1.       ELECTION OF DIRECTORS. To elect the following Directors of the
         Corporation for a three-year term until the 2003 Annual Meeting of
         Shareholders.

         Ernest N. Laflamme, Jr.      / / FOR       / / AGAINST      / / ABSTAIN
         G. Wayne McCary              / / FOR       / / AGAINST      / / ABSTAIN

2.       SELECTION OF CERTIFIED PUBLIC ACCOUNTANTS. To ratify the appointment,
         by the Board of Directors, of Deloitte & Touche LLP as independent
         public accountants for the fiscal year ending December 31, 2000.
                                      / / FOR       / / AGAINST      / / ABSTAIN
                                                                          (over)
<PAGE>   21
3.       OTHER BUSINESS. In their discretion, to act upon the transaction of
         such other business as may properly come before the meeting and any
         adjournment thereof.


                                        Date:
                                              ----------------------------------

                                        ----------------------------------------
                                               (Signature of Shareholder)

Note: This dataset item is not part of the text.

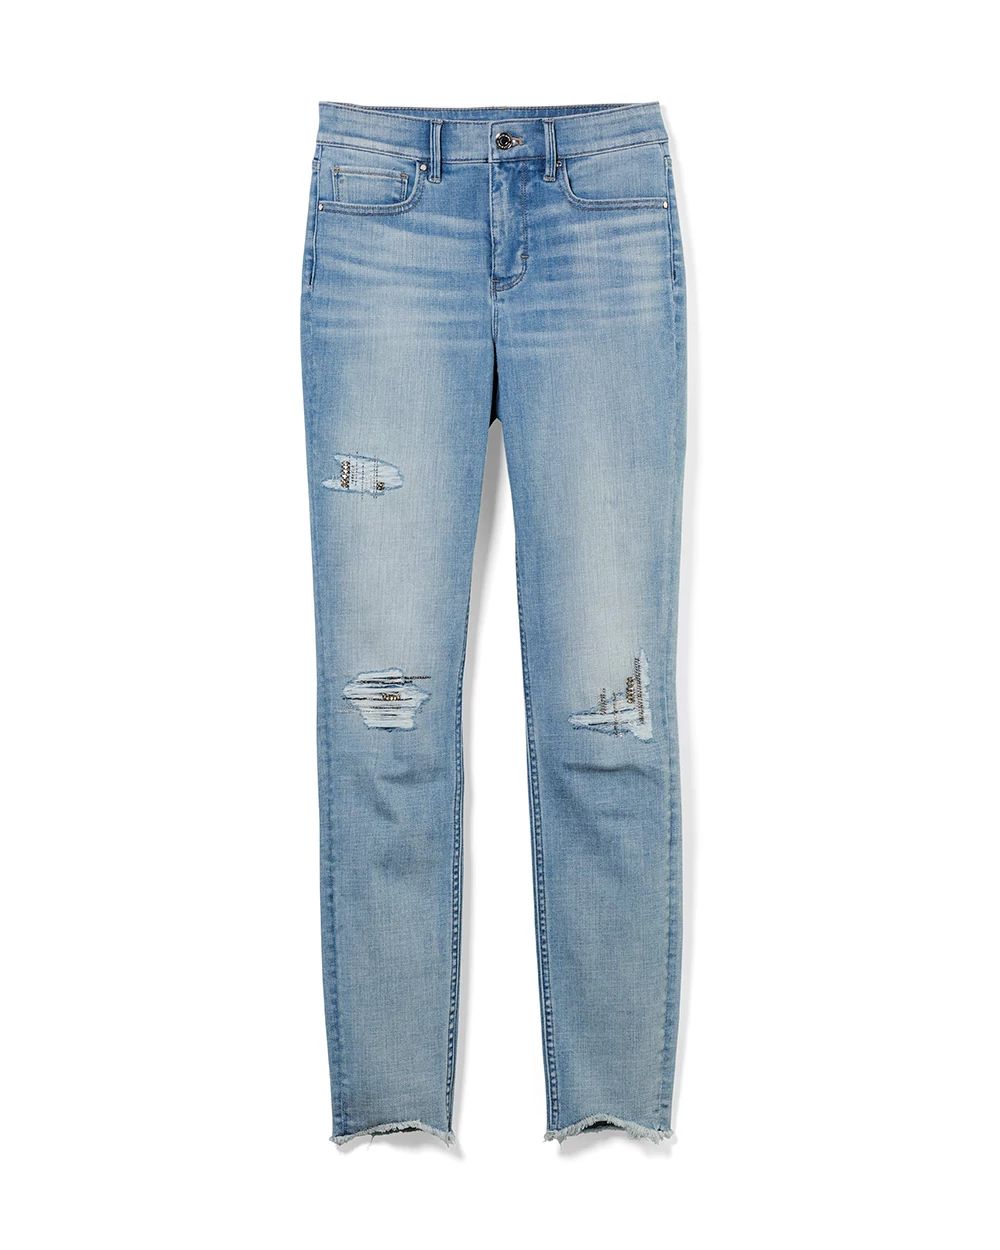 Petite High-Rise Everyday Soft Denim™ Novelty Destructed Skinny Jeans click to view larger image.

                                        ----------------------------------------
                                              (Signature, if jointly held)

                                        When signing as Attorney, Executor,
                                        Administrator, Trustee or Guardian,
                                        please give full title. IF MORE THAN ONE
                                        TRUSTEE, ALL SHOULD SIGN. ALL JOINT
                                        OWNERS MUST SIGN.



          THIS PROXY IS SOLICITED ON BEHALF OF THE BOARD OF DIRECTORS.